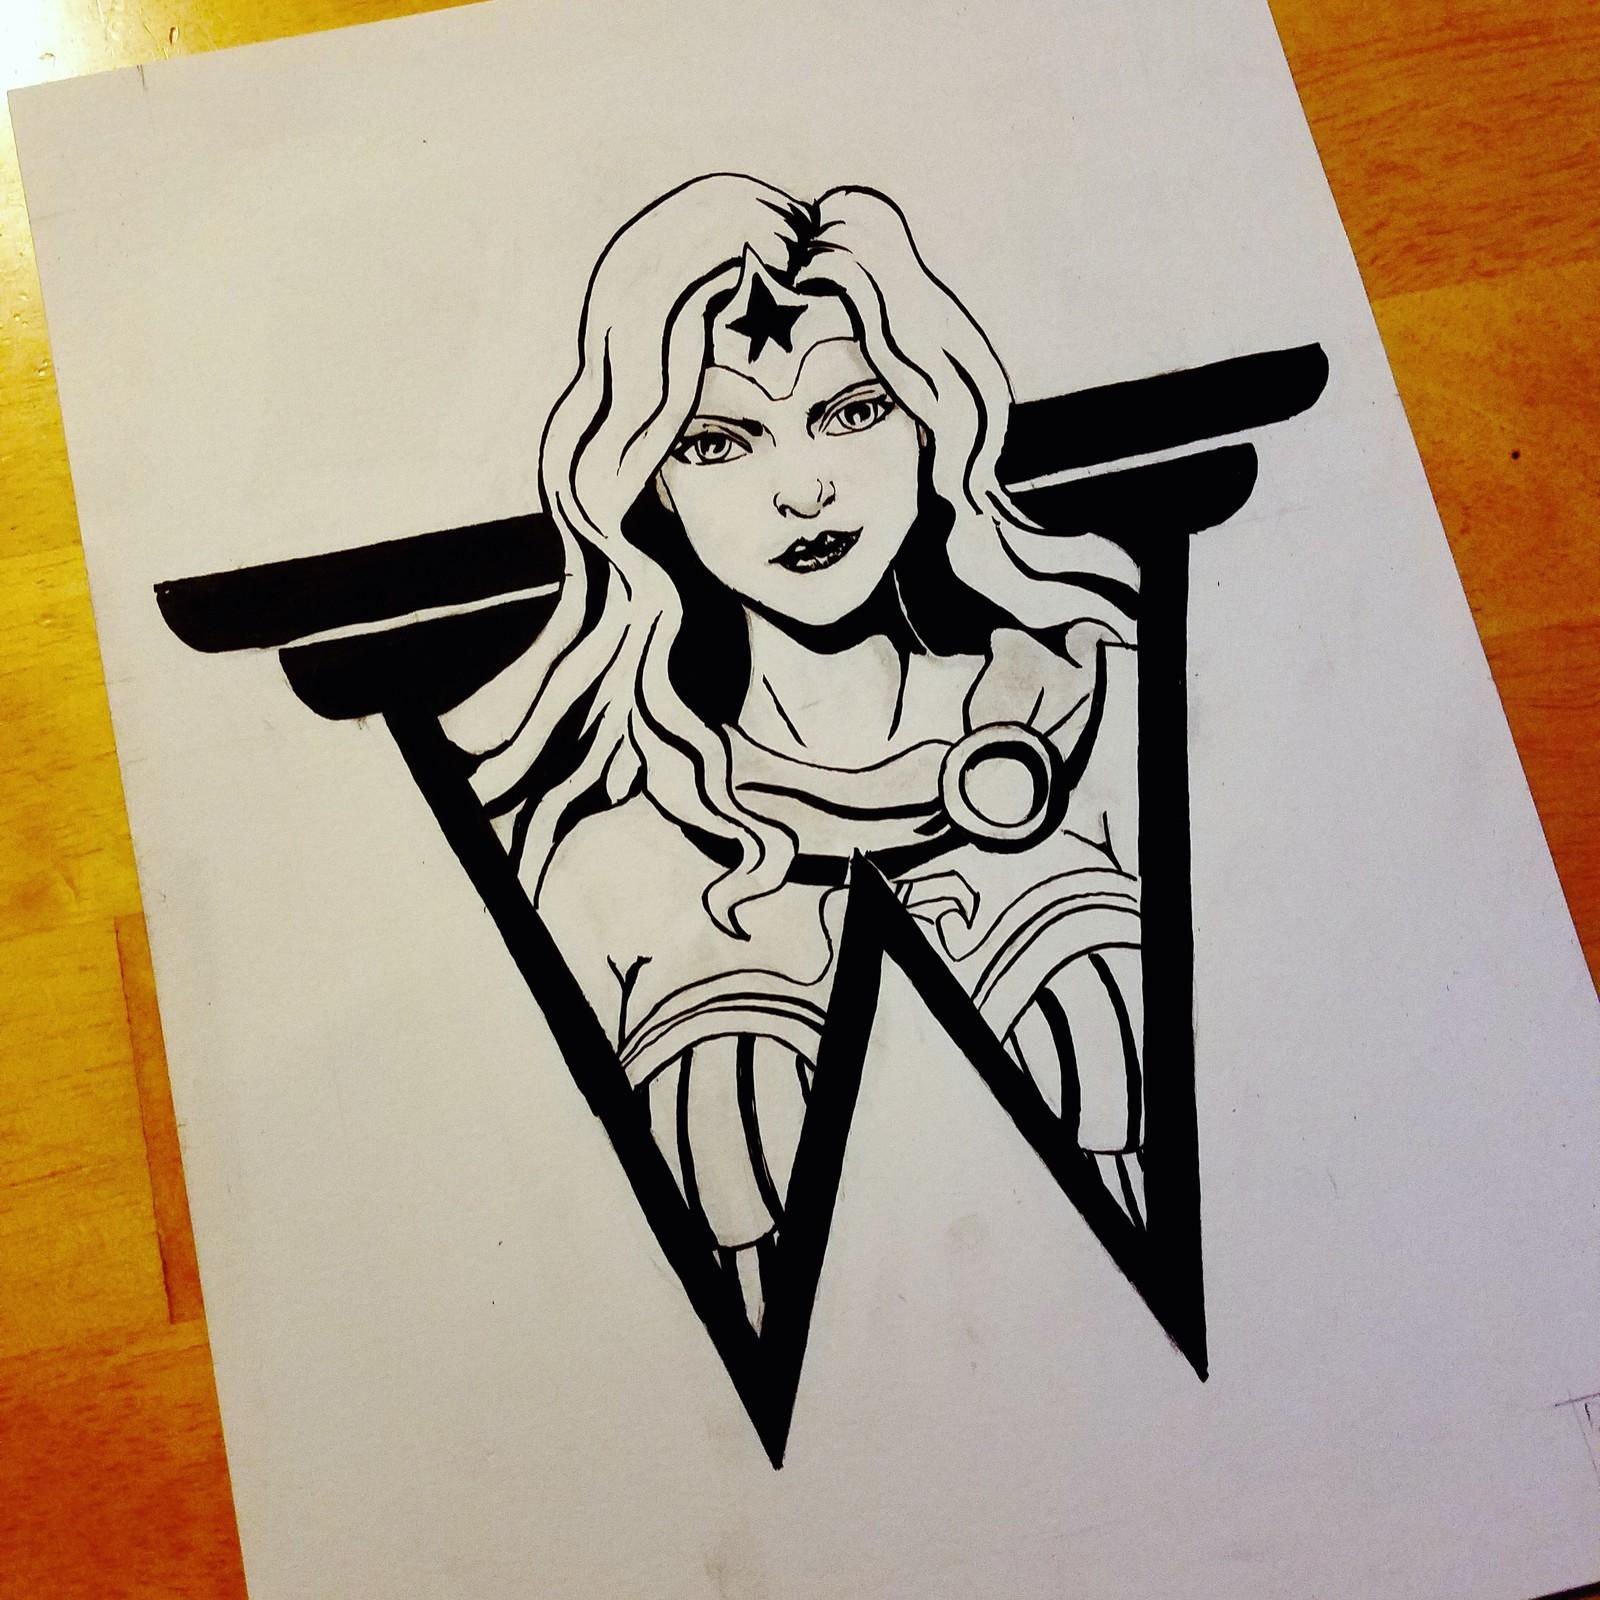 Wonder Woman (Inktober Day 14: Fierce)
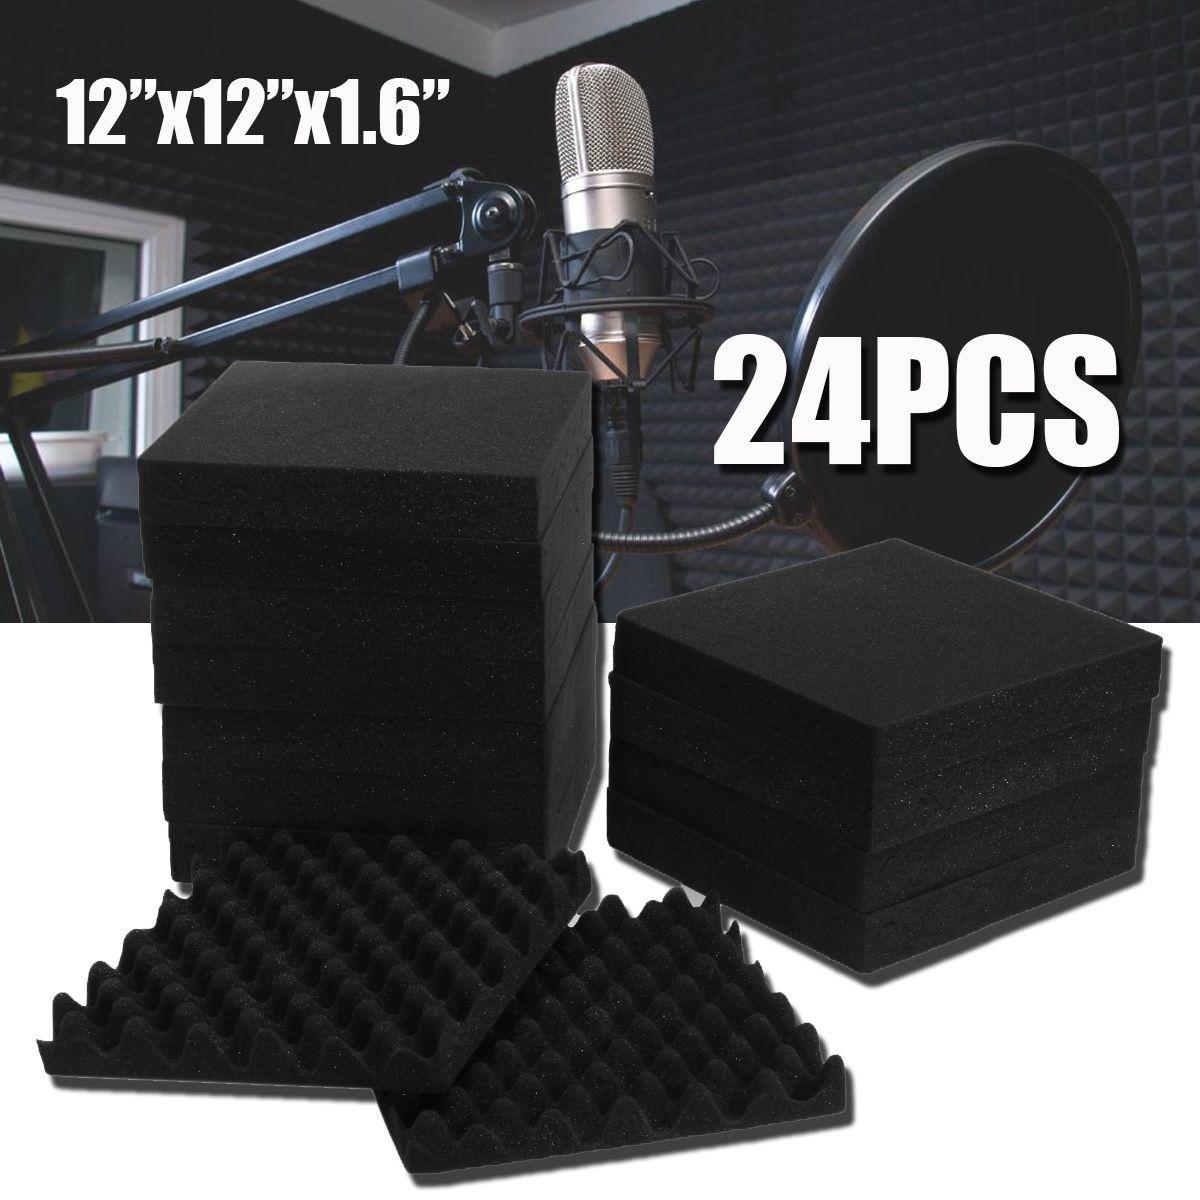 24Pcs 300x300x40mm Soundproofing Foam Studio Acoustic Foam Soundproof Absorption Treatment Panel Tile Wedge Polyurethane Fo
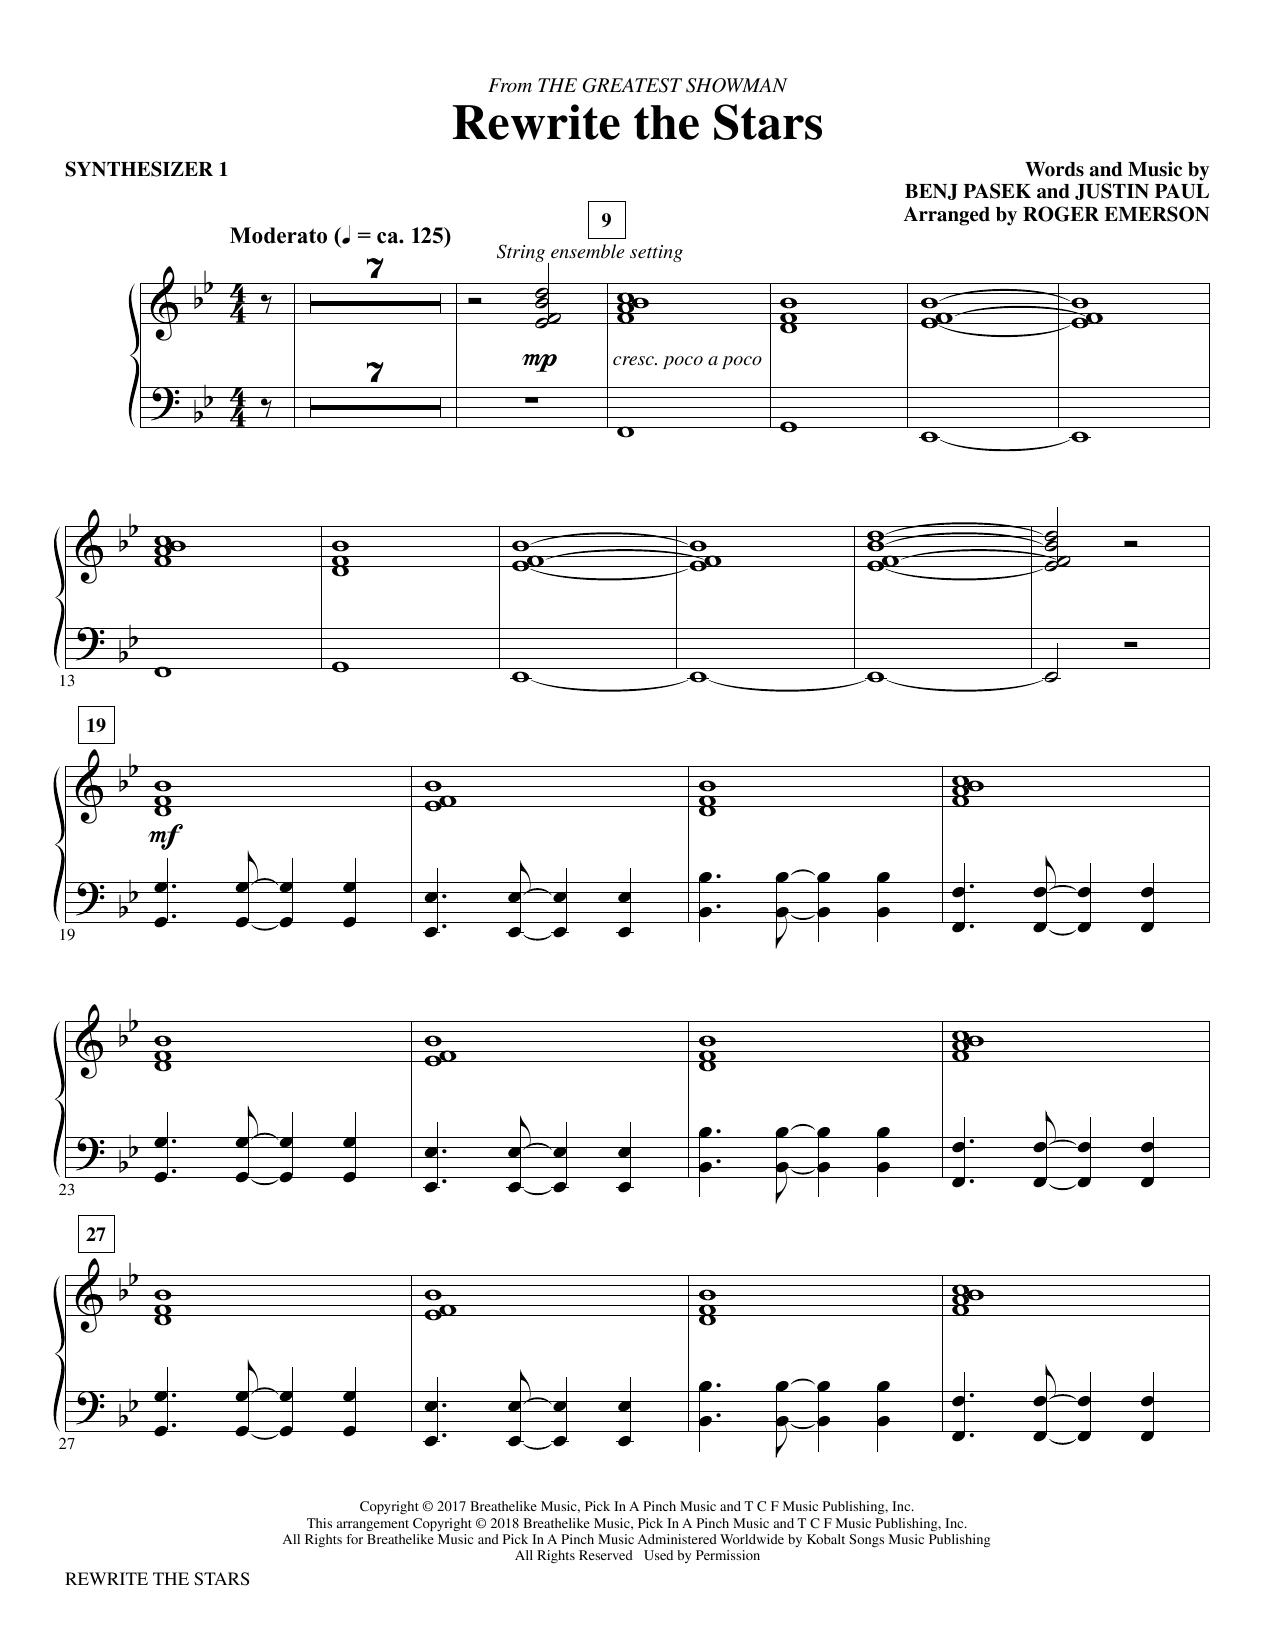 Pasek & Paul Rewrite The Stars (arr. Roger Emerson) - Synthesizer I sheet music notes printable PDF score
==========
## TASK REQUIREMENTS
Only the pictures stay behind; everything else in the data above is to be retyped exactly.

## SOLUTION TO THIS TASK
 Wonder Woman (Inktober Day 14: Fierce)
 24Pcs 300x300x40mm Soundproofing Foam Studio Acoustic Foam Soundproof Absorption Treatment Panel Tile Wedge Polyurethane Fo
 Pasek & Paul Rewrite The Stars (arr. Roger Emerson) - Synthesizer I sheet music notes printable PDF score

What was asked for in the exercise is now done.